Over the past three years, Golden assembled a squad that possesses enviable depth. The Gators mined the portal mostly for mid-major talent and signed three-star high school recruits who would be willing to develop over several years. They helped Walter Clayton Jr., who played for Rick Pitino at Iona, become the best guard in the country. They have unselfish players willing to play their roles without drama.

And then there’s Duke, the most talented team in the bunch, as the Blue Devils usually are. But in the three years since Coach Jon Scheyer replaced Mike Krzyzewski, he has modernized Duke. Scheyer realized he couldn’t be a former player worshiping all of Coach K’s methods and preaching the Brotherhood gospel every sermon. He hired Rachel Baker, a former Nike and NBA executive, as the program’s first general manager. Then, over this past offseason, he welcomed another banner freshman class led by prodigy Cooper Flagg and added transfers Sion James, Maliq Brown and Mason Gillis to play defined roles and add experience to a young roster.

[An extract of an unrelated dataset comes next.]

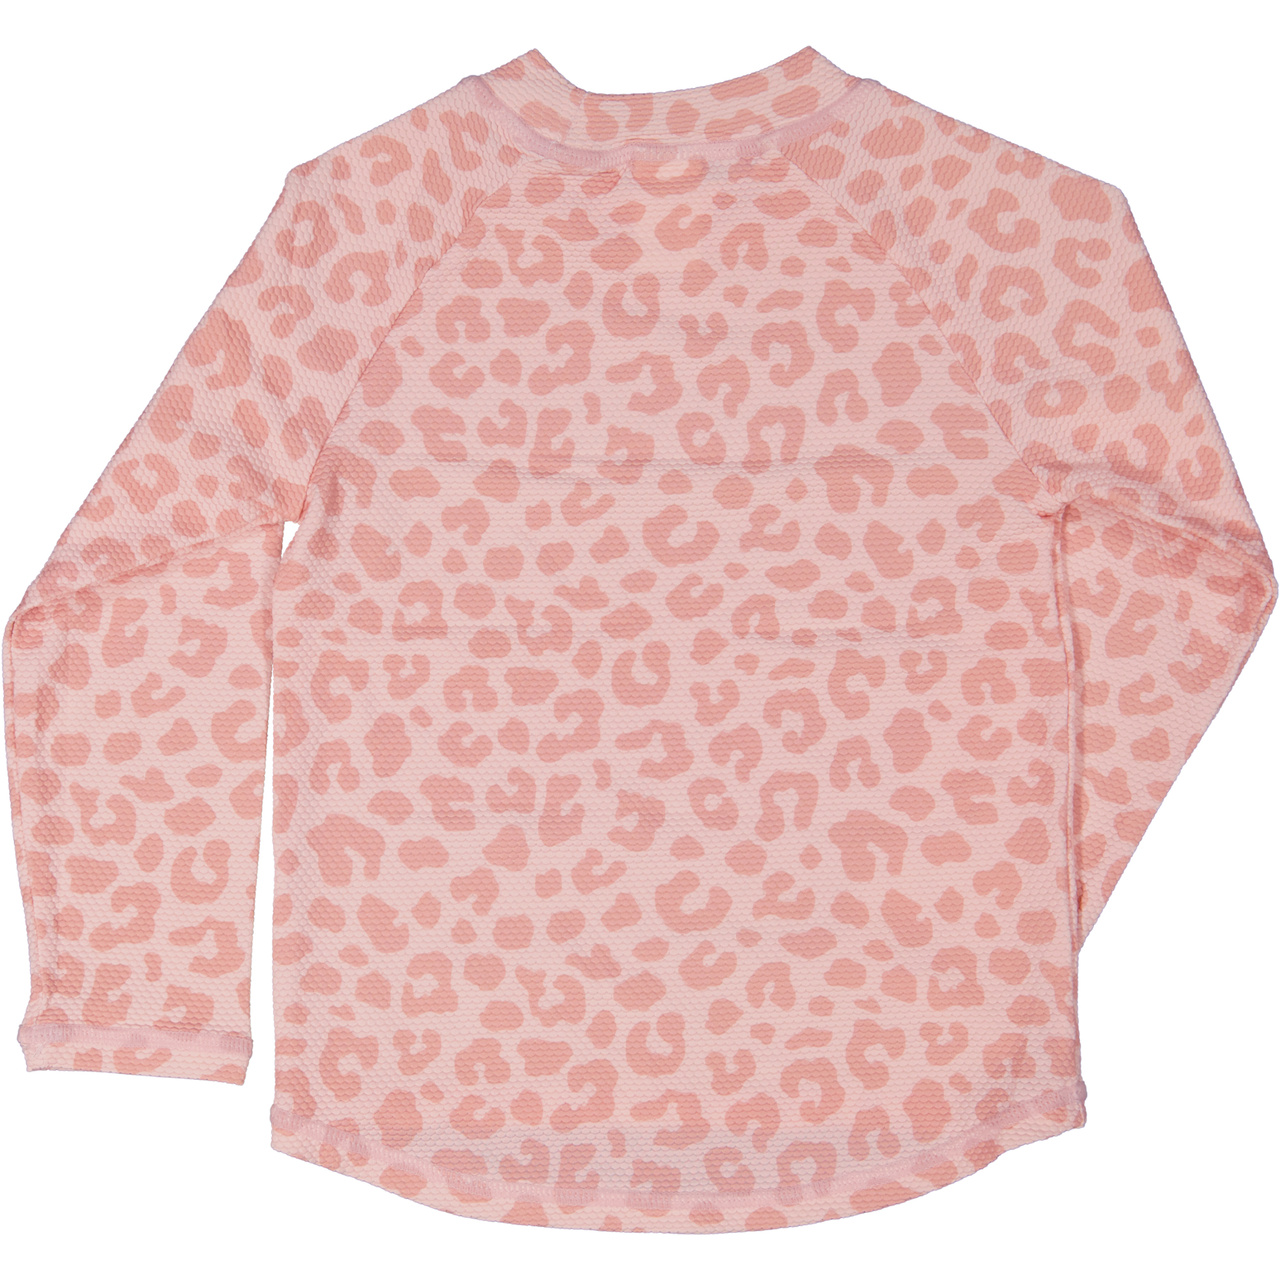 UV-L.S sweater Pink Leo  98/104

Most of all, Scheyer was more hands-on about indoctrinating this team to winning basketball.

“Our program was built on players teaching players in addition to, obviously, what the coaching staff has done,” Scheyer said. “It’s something you would always pass down. But you have to deal with a new group almost every year. I think that’s the biggest challenge. Where you feel like you can skip steps when you really can’t. You have to start at ground zero every summer. And for us, we went back to the basics this summer of just how to build this team from the ground up, build the connectivity, teach the standards, hold them accountable to what the standards are, and that’s something I know we’re going to have to do each year going forward.”

A consistent program must be a chameleon. The intangibles that a coach demands can hold a team together, but personnel and style of play must be fluid. This era is hell for all system coaches. When it comes to strategy and player preferences, flexibility is a virtue.

“What I’ve learned as a coach is that, in this ever-changing model, you have to have skill to be able to coach a lot of different ways,” new Maryland coach Buzz Williams said. “And I think the coaches that I’ve studied that are married to their style, I don’t know if that’s sustainable in what this model has become.”

Of the four coaches remaining, Golden may have the most to prove. With an emphasis on analytics, Golden is as detailed as it gets. But as five-star, potential one-and-done recruits show interest in Florida, it will be fascinating to see whether the Gators can keep building cohesive teams.

“It’s all about just making sure our floor stays incredibly high,” he said.

No desperate moves. No awkward fits.

“We’ll continue to do it, trying to make sure we have a great nucleus in the program that we can return year after year, go out and find like-minded, tough, competitive kids that want to be part of our program,” Golden said. “If they’re five stars that want to be a part of what we’re doing, great. If not, we’ll go get guys that compete their tails off and are really prideful about wearing the Florida jersey and do it that way and live with the results.”

The coach plans with conviction. But in this disorderly time, college basketball abuses a good plan.